WHAT NEEDS TO BE DONE: Within the records below is a range that opens at the line with "HUTSCHENEREUTHER - EARLY" and closes at the line with "Carolina Hellal of". Return that range word for word, both ends included, and only that range.

EXERCISE DATA:
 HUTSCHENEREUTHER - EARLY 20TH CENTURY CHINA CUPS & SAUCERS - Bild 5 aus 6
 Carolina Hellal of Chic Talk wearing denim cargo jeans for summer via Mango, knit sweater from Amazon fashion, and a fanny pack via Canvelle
---
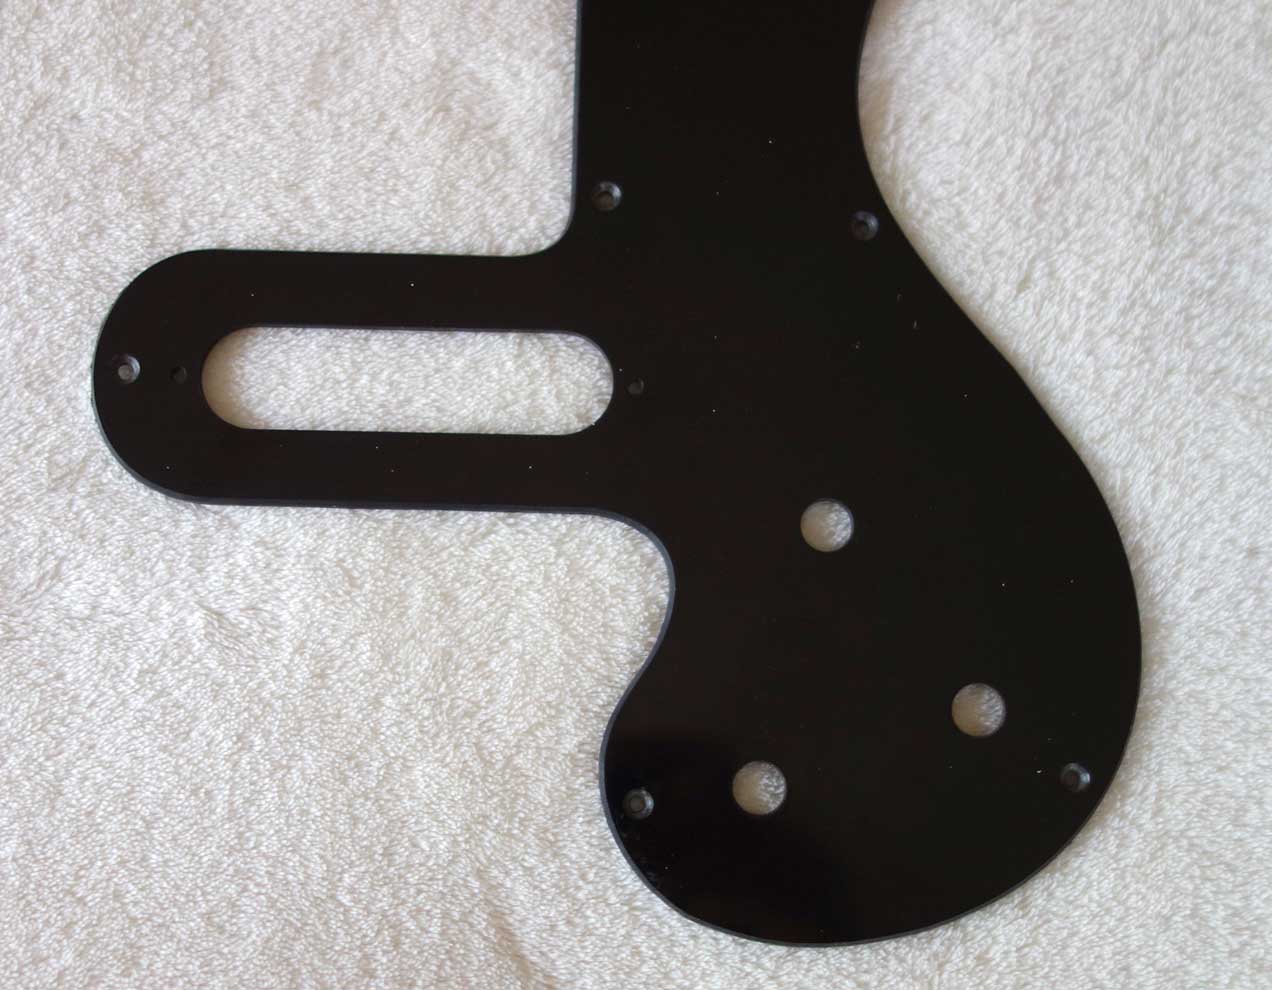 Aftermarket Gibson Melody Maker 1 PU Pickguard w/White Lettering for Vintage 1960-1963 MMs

WRITTEN ANSWER:
 HUTSCHENEREUTHER - EARLY 20TH CENTURY CHINA CUPS & SAUCERS - Bild 5 aus 6
 Carolina Hellal of Chic Talk wearing denim cargo jeans for summer via Mango, knit sweater from Amazon fashion, and a fanny pack via Canvelle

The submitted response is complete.